Camba was received in Buenos Aires by the newspaper The Echo of Galicia,who told him from his pages: "We wish him luck in this country." A few months later he was expelled by the Argentine Government. Camba, who was 17, was accused of being behind the first general strike in the history of Argentina. He wrote it himself. "Do you want us to make the general strike?" Asked his colleague Basterra. "The general strike?" Camba replied. “Yes, man. Right here we make an agenda and give it to the press. Tomorrow appears in all newspapers and the workers will have no choice but to go on strike. ”

Camba would later write: “I didn't ride a car, I didn't turn a crane, I didn't moan the whistle of a factory (...). The very soul of the population, the restless, nervous and cheerful soul of the monster, was filled with cold and fright. ” And he said a phrase he would remember over time, specifically during the Spanish Civil War: "A revolution is always a work of art."

More than thirty years later, with the Spaniards killing each other like animals, he wrote: “The revolution is a spree, an orgy, a bacchanal that has nothing to do with war. Shots are thrown. They eat hams. Cures are killed (...).
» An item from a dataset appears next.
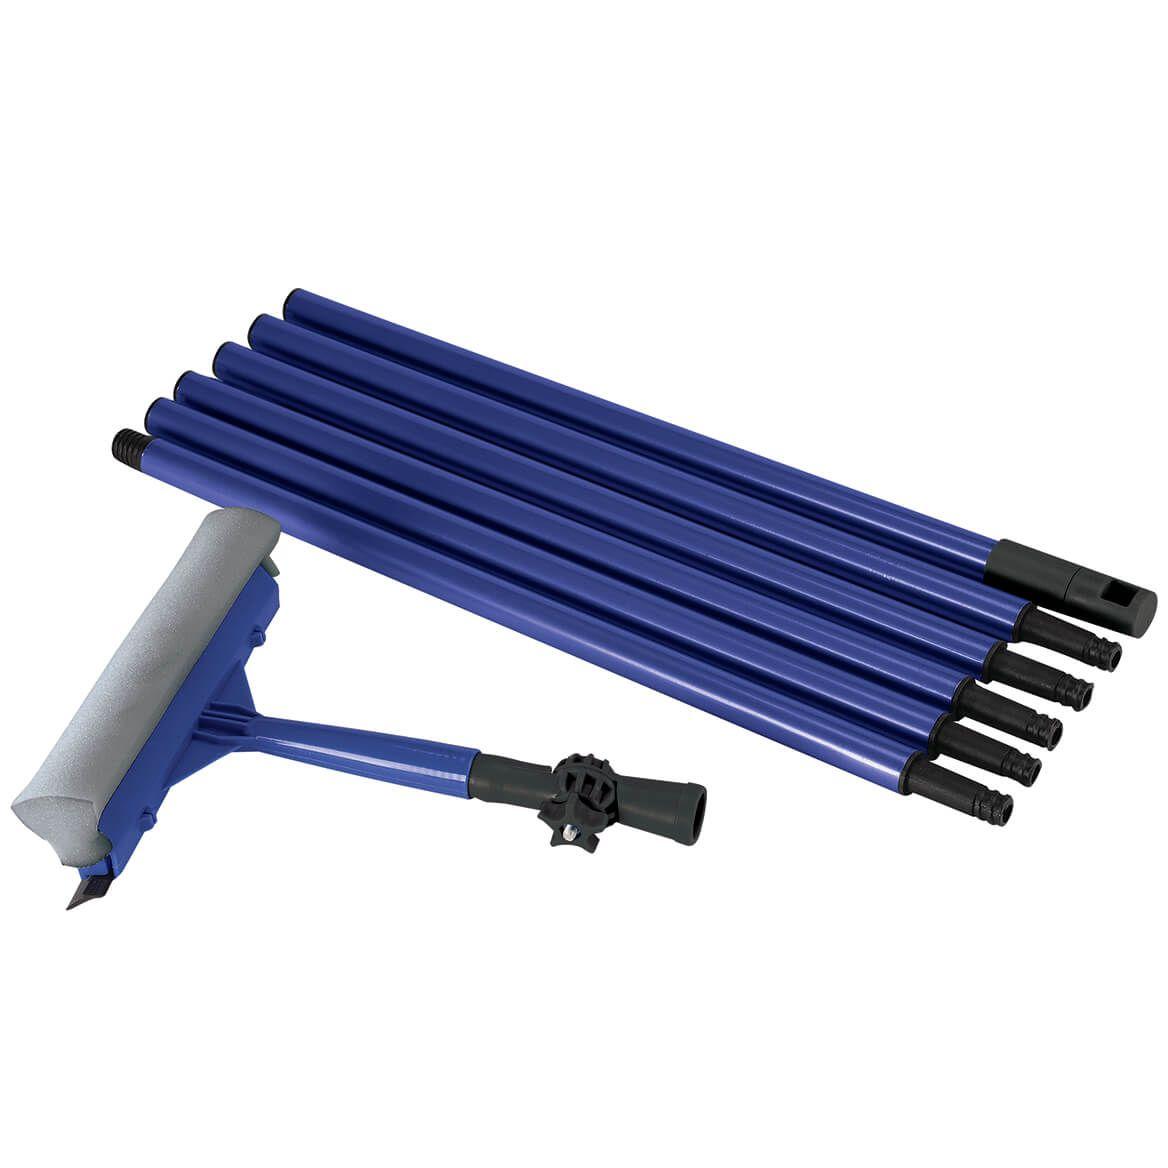 Long Handle Window Cleaner-371690

War, on the contrary, is order, method, discipline, hierarchy, authority and responsibility. "Julio Camba hated working, and never hid it," writes Julián Lacalle, editor of Pepitas in the prologue of the French edition of BanishmentThat book, says Lacalle, “is a prominent piece of the Spanish narrative: a jewel of self-fiction literature - as it is pompously called now - written when the disbelief had taken the reins of Julio Camba's life, after a very intense stage of struggles against all the ghosts of a time that was foreseen golden and ended up gray, of a very dark gray ”.

Written in 1907 — that is, when our author was barely 22 years old — it shows the path traveled across the Atlantic by a young man with an innate talent to tell what is going on around him and with the strong personal will to intervene in the reality that surrounds it.

There is also another great reason to read The banishment: there are no such personal, casual, funny and explanatory memories about the Spanish-speaking anarchist movement of the beginning of the last century.